Records for this exercise
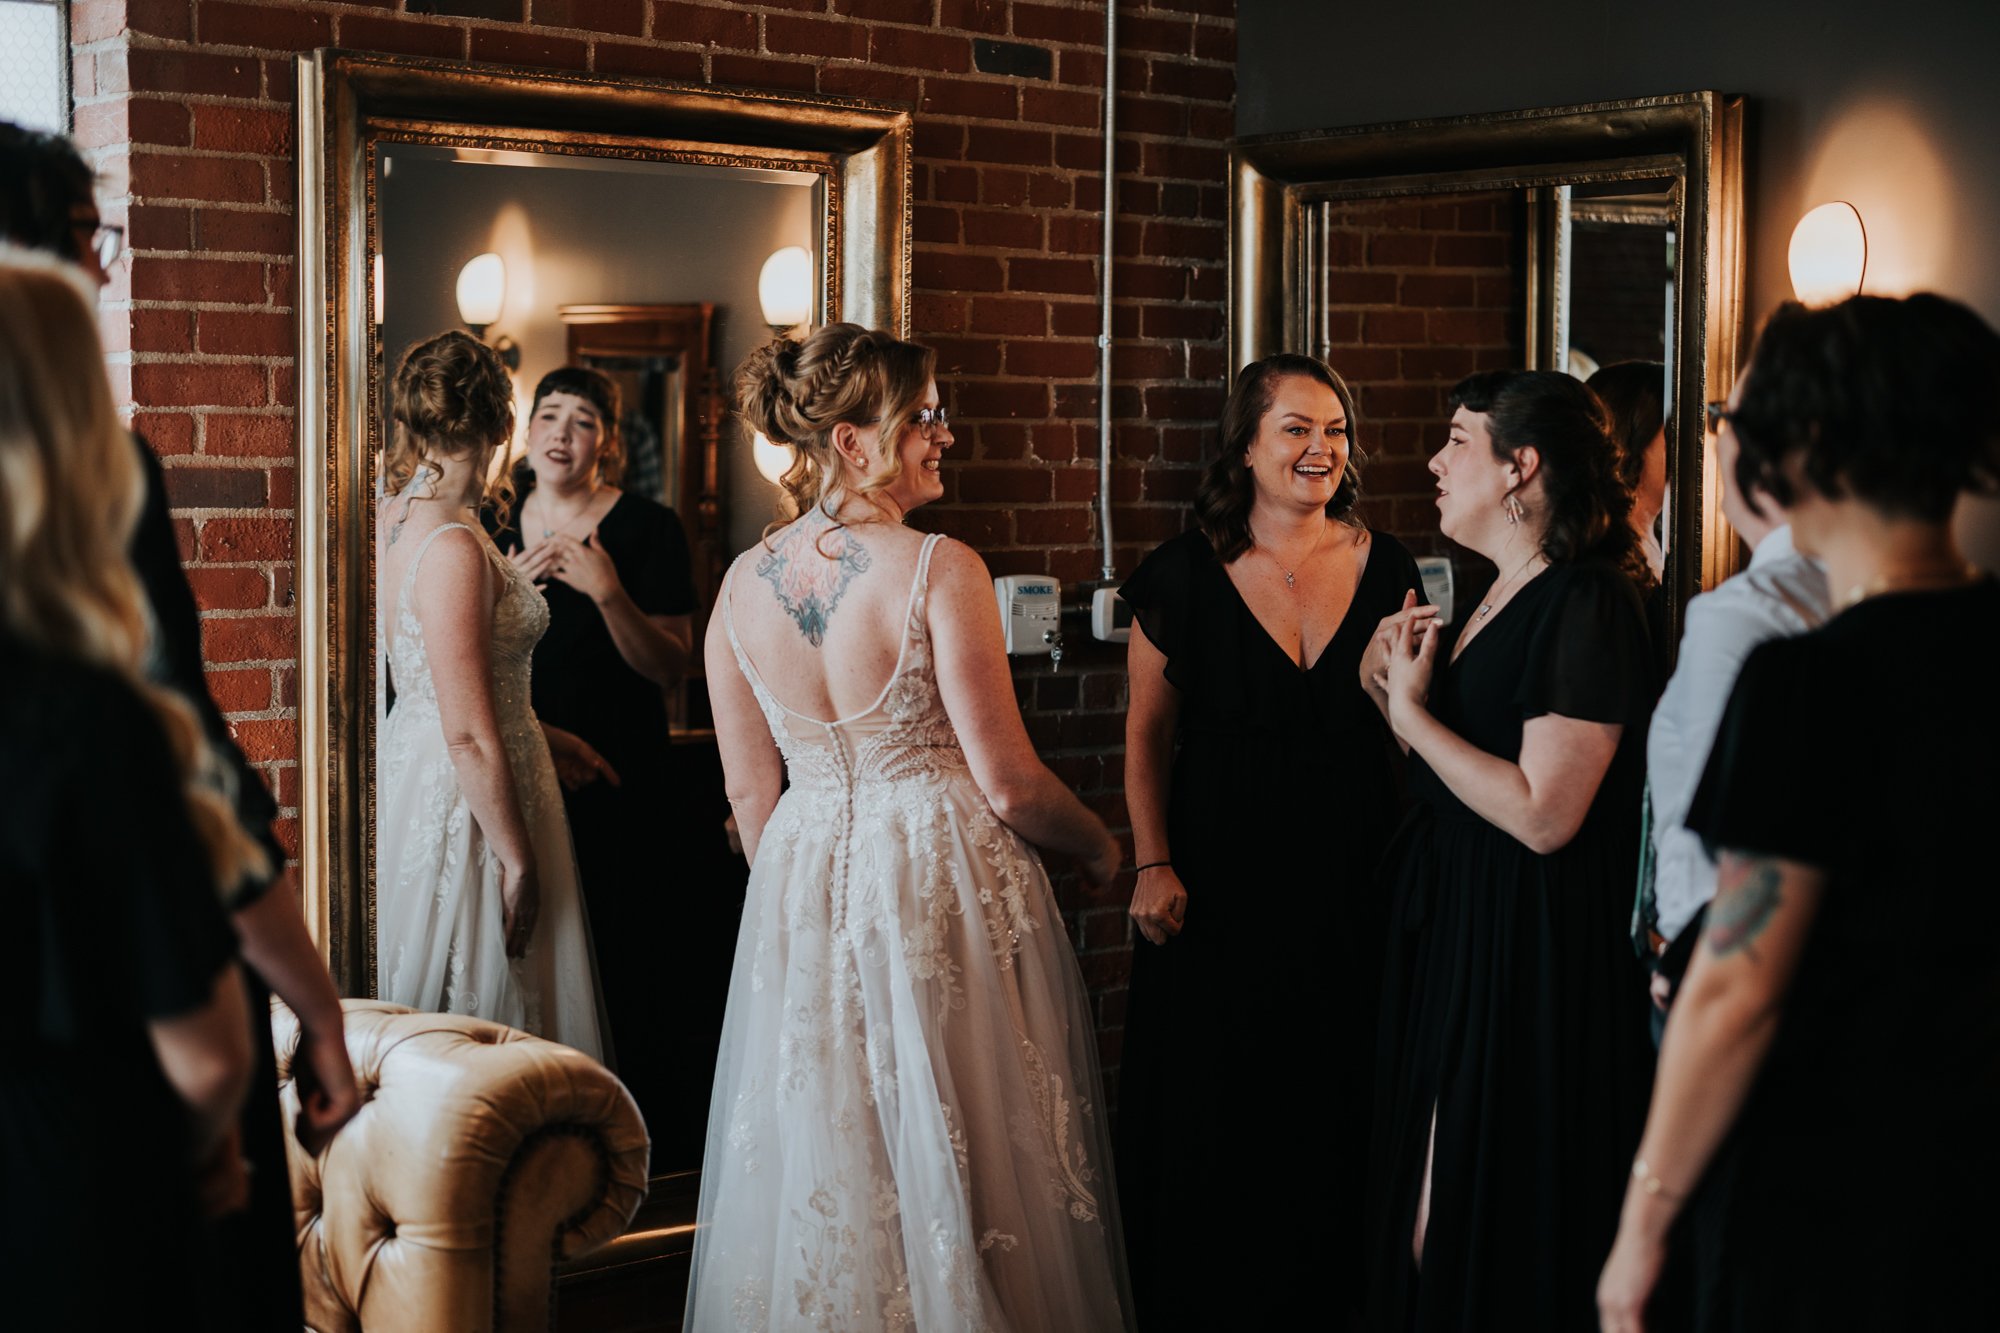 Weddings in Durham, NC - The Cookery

---

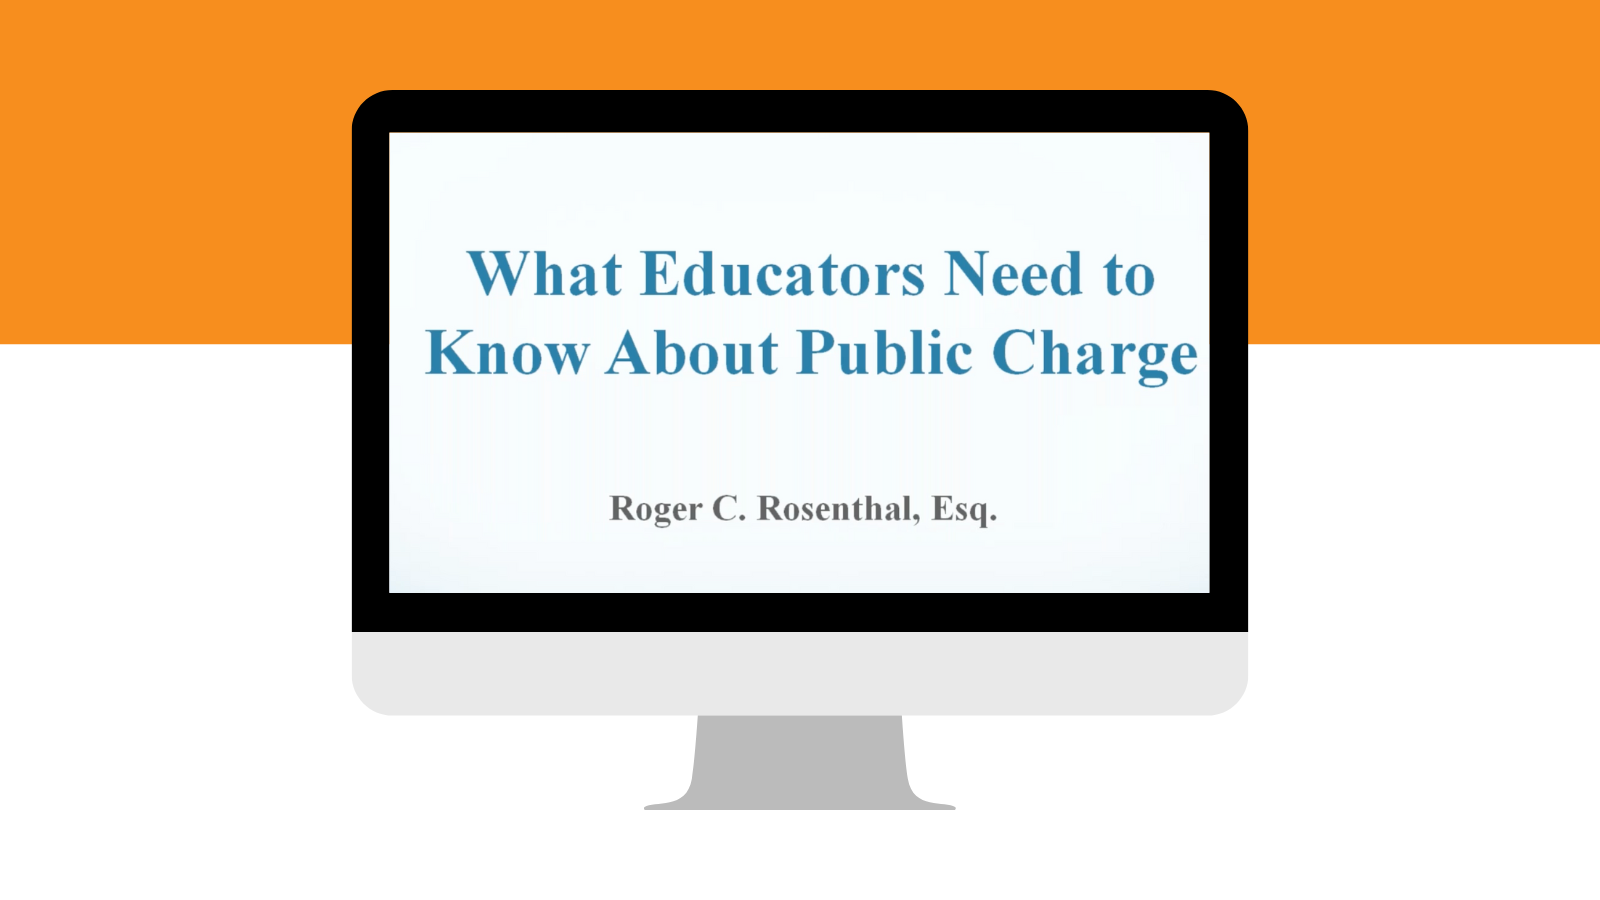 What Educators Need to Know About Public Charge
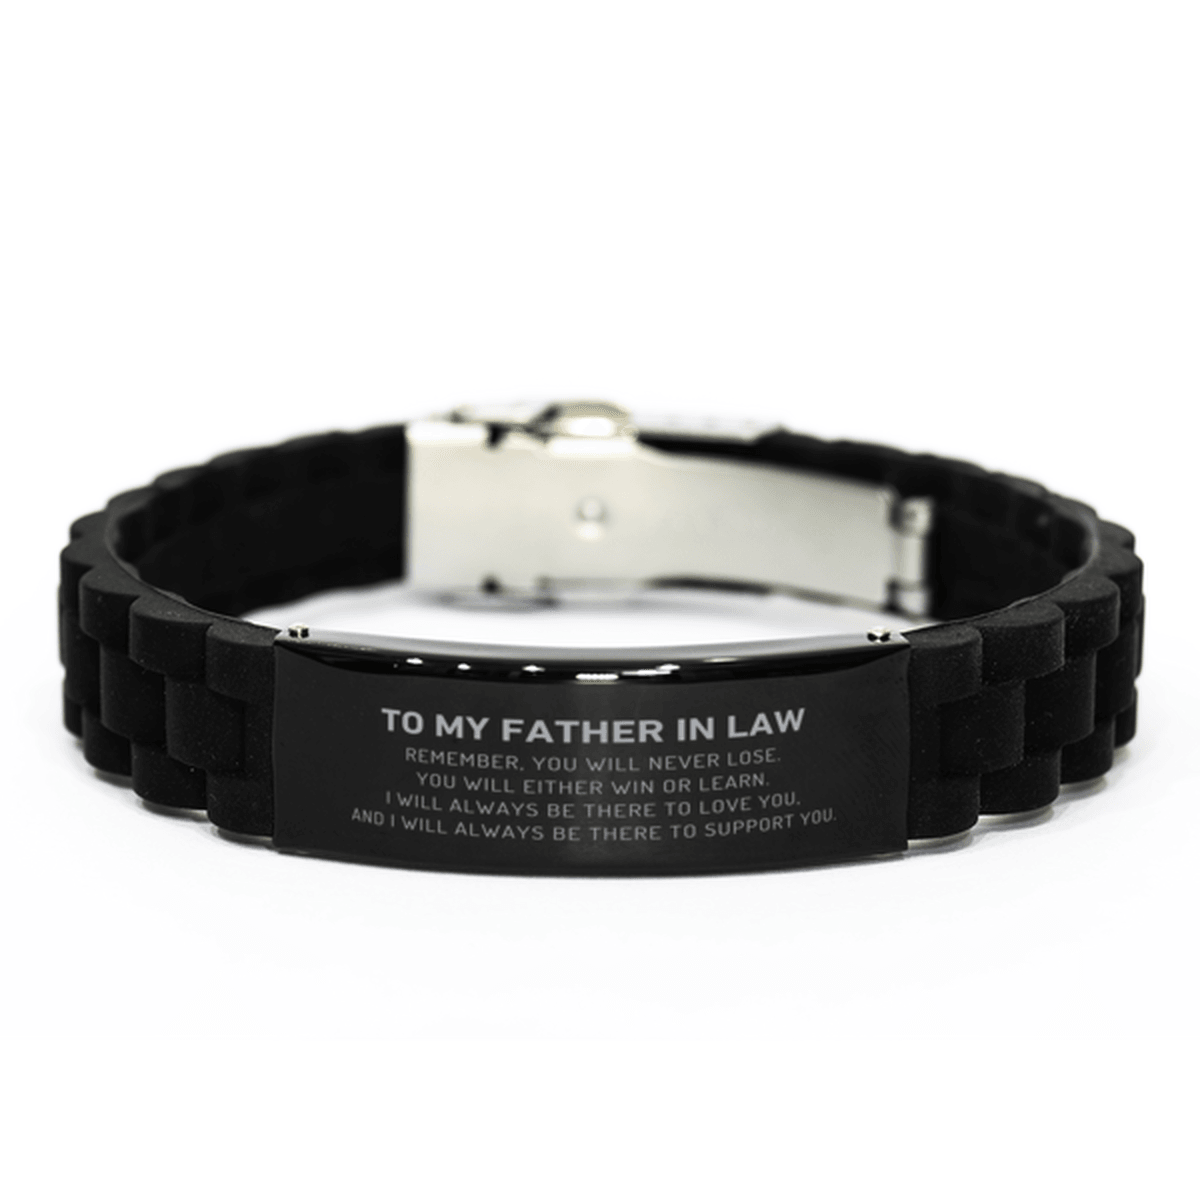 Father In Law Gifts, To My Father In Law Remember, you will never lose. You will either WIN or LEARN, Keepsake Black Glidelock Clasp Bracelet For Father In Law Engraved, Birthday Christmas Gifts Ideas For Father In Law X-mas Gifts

Problem description
Output exactly the lines above that lie between the line with "What Educators Need" and the line with "Father In Law Gifts, To", those two lines included, and no pictures.

Exercise result
 What Educators Need to Know About Public Charge
 Father In Law Gifts, To My Father In Law Remember, you will never lose. You will either WIN or LEARN, Keepsake Black Glidelock Clasp Bracelet For Father In Law Engraved, Birthday Christmas Gifts Ideas For Father In Law X-mas Gifts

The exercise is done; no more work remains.